Right To Privacy Doesn't Survive After Death, Legal Heirs Can Administer Deceased's Digital Estate: Gujarat Court
A Civil Court in Gandhinagar has held that the right to privacy of a deceased person does not survive after their death and the legal heirs can administer the deceased's digital estate.In doing so the court held that "digital data" of a deceased party stored on Apple's 'iCloud account' constitutes a valuable digital asset forming part of the deceased's estate, which would fall...
A Civil Court in Gandhinagar has held that the right to privacy of a deceased person does not survive after their death and the legal heirs can administer the deceased's digital estate.
In doing so the court held that "digital data" of a deceased party stored on Apple's 'iCloud account' constitutes a valuable digital asset forming part of the deceased's estate, which would fall under administration under the Indian Succession Act.

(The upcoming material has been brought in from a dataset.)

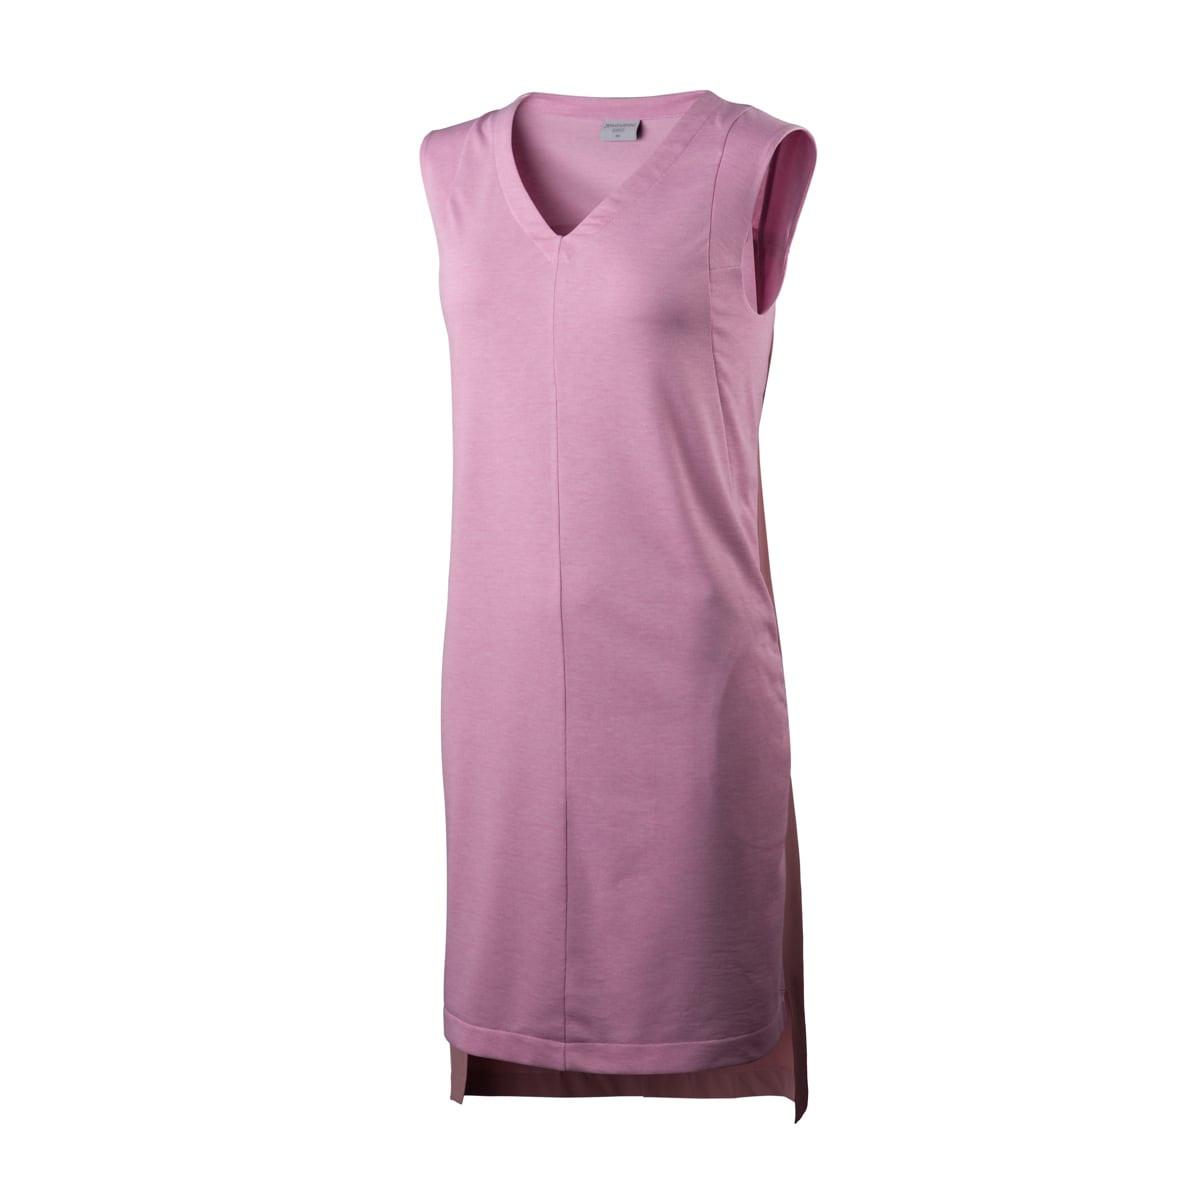 91a83b7f Houdini W's Ooh (Out Of Here) Dress De Lila | Fjellsport.no

The petitioners— deceased's wife and daughter had approached the court seeking that it may recognize that the digital data stored in the Apple iCloud account of the deceased constitutes a valuable digital asset forming part of his estate, capable of administration under the Indian Succession Act. They had further sought Grant Letters of Administration in favour of the Petitioners authorizing them to administer the estate of the Deceased, including the digital estate and iCloud data.
3rd Additional Senior Civil Judge Himanushu Choudhary in his order said:
"This Court is of the considered opinion that the right to privacy, being an inherently personal right, does not survive the death of the individual, as clarified by the Supreme Court in Justice K.S. Puttaswamy v. C.M.A. No. 17/2026 (Order) Page No. 13 of 15 Union of India (2017).
Applying the maxim actio personalis moritur cum persona, no claim in respect of the right to privacy of the Deceased can be sustained so as to obstruct the lawful heirs from administering his digital estate. Furthermore, in the absence of a nominee appointed by the Deceased under Section 14 of the Digital Personal Data Protection Act, 2023, the rights relating to the management and access of the Deceased's digital data logically devolve upon the legal heirs, who step into the position of the data principal for the limited purpose of administering the estate".
The deceased died intestate on 24.04.2025 in Gandhinagar without executing any Will or testamentary instrument. He was survived by two Class-I legal heirs, his wife and daughter the petitioners. He was the lawful owner and sole user of an Apple iPhone 13 Pro Max, wherein the petitioners argued that the phone's iCloud account contains valuable personal data of emotional, sentimental and practical significance to the Petitioners, including photographs, videos, documents, voice notes and contact lists.
The Petitioners approached Apple seeking access to and recovery of the Deceased's digital estate. Apple communicated that it can facilitate password/security reset to permit access to the iCloud account data, but stated that it has no means to retrieve data stored solely on the physical device.
Apple further stipulated that the requester must be the duly appointed administrator or legal personal representative of the Deceased's estate, supported by a court order containing specific declarations.
Holding that digital data on iCloud forms part of the estate which can be administered under the Indian Succession Act the court appointed Petitioner No. 2-the deceased's daughter as the Administrator of the estate.
It directed Apple Distribution International Limited and/or its affiliates to assist the Administrator in recovery of the Deceased's data and to provide assistance, to the extent technically feasible, in recovery of any locally stored data on the physical device.